Apkallu (Akkadian) and Abgal (Sumerian:	) are terms found in cuneiform inscriptions that in general mean either "wise" or "sage".

In several contexts the Apkallu are seven demi-gods, sometimes described as part man and part fish, associated with human wisdom; these creatures are often referred to in scholarly literature as the Seven Sages. Sometimes the sages are associated with a specific primeval king. After the deluge (see Epic of Gilgamesh), further sages and kings are listed. Post-deluge, the sages are considered human, and in some texts are distinguished by being referred to as Ummanu, not Apkallu.

The terms Apkallu (as well as Abgal) is also used as an epithet for kings and gods as a mark of wisdom or knowledge.

A further use of the term Apkallu is when referring to figurines used in apotropaic rituals; these figurines include fish-man hybrids representing the seven sages, but also include bird-headed and other figures.

In a later work by Berossus describing Babylonia, the Apkallu appear again, also described as fish-men who are sent by the gods to impart knowledge to people. In Berossus, the first one, Oannes (a variant of Uanna), is said to have taught people the creation myth the Enuma Elis.

Etymology, names, and meaning

The term apkallu has multiple uses, but usually refers to some form of wisdom; translations of the term generally equate to English language uses of the terms "the wise", "sage" or "expert".

As an epithet, prefix, or adjective it can mean "the wise"; it has been used as an epithet for the gods Ea and Marduk, simply interpreted as "wise one amongst gods" or similar forms. It has also been applied to Enlil, Ninurta, and Adad.

The term also refers to the "seven sages", especially the sage Adapa, and also to apotropaic figures, which are often figurines of the 'seven sages' themselves.

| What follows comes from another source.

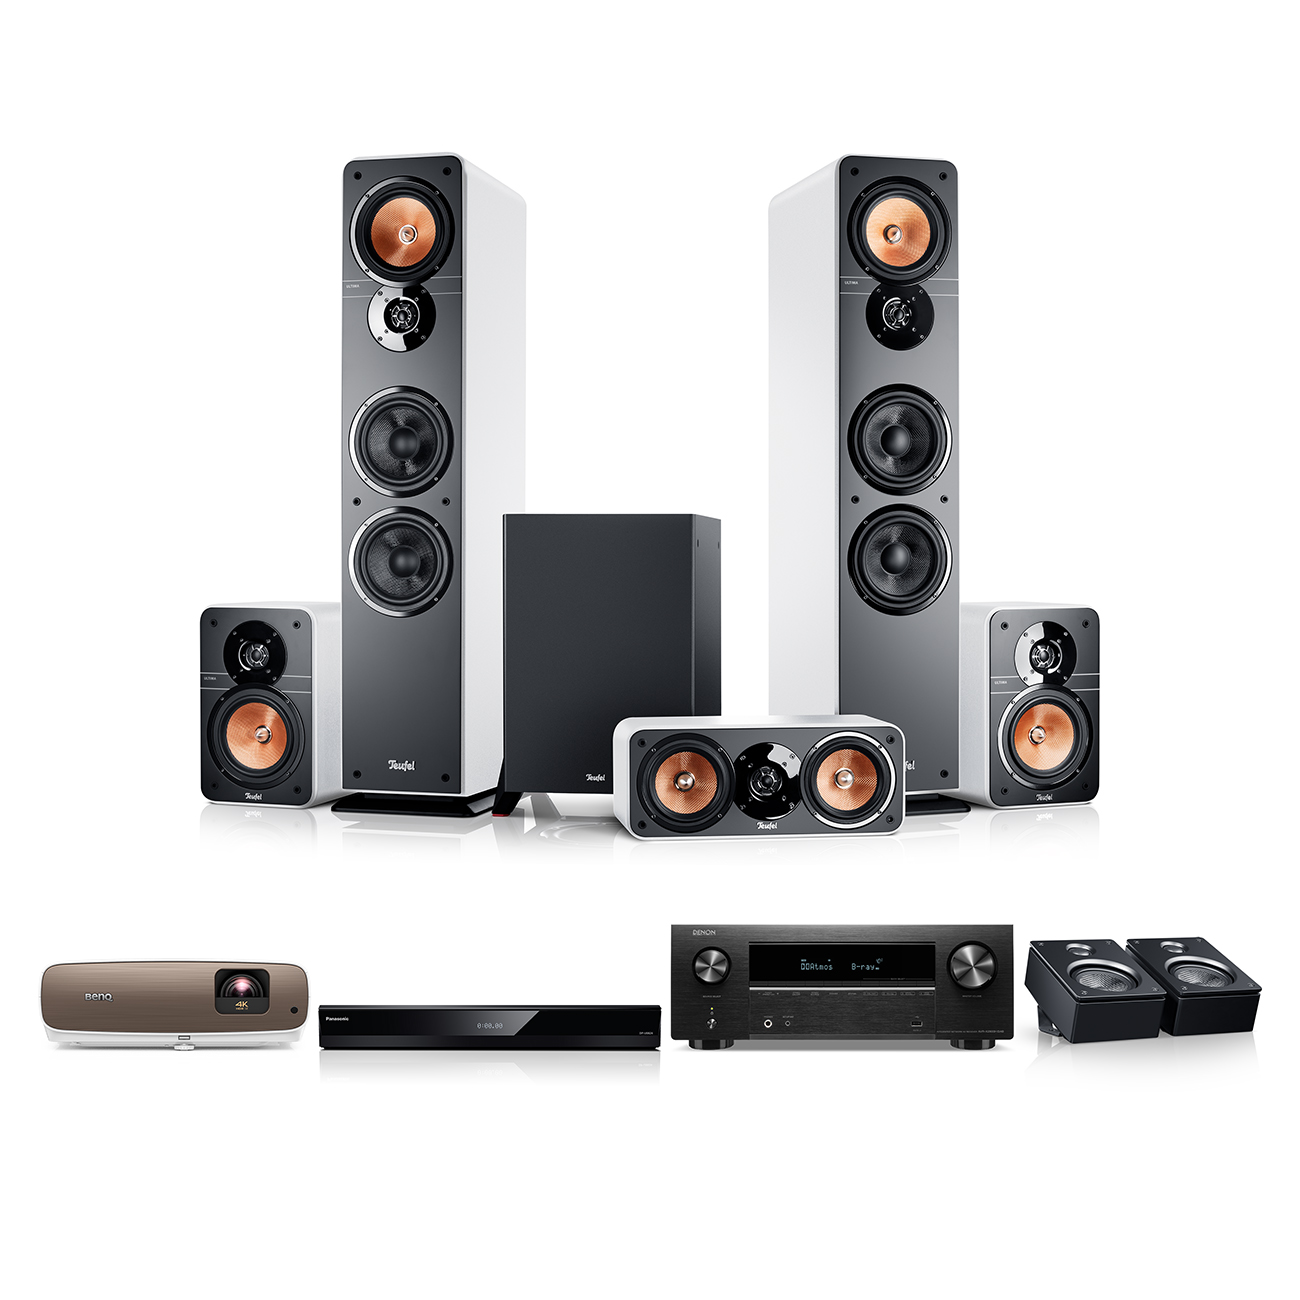 ULTIMA 40 Surround All-In Edition "5.1.2-Set"

A collation of the names and "titles" of theses seven sages in order can be given as:

Uanna, "who finished the plans for heaven and earth",
Uannedugga, "who was endowed with comprehensive intelligence",
Enmedugga, "who was allotted a good fate",
Enmegalamma, "who was born in a house",
Enmebulugga, "who grew up on pasture land",
An-Enlilda, "the conjurer of the city of Eridu",
Utuabzu, "who ascended to heaven".

Additionally, the term is used when referring to human "priests" (also "exorcists", "diviners"). However, Mesopotamian human sages also used the term ummianu (ummânù).
 
The term "apkallu" is Akkadian, it is thought to derive from the Sumerian abgal.

Uanna (Oannes) or Adapa?

The first of these legendary fish-man sages is known as Oan/Oannes (Sumerian) or Uanna/U-An (Akkadian); on a few cuneiform inscriptions this first sage has "adapa" appended to his name. Borger notes, however, that it is difficult to believe that the half-man half-fish "Adapa" is the same as the fisherman of the Adapa myth, the son of the god Ea. A potential solution was given by W. G. Lambert—evidence that "adapa" was also used as an appellative meaning "wise".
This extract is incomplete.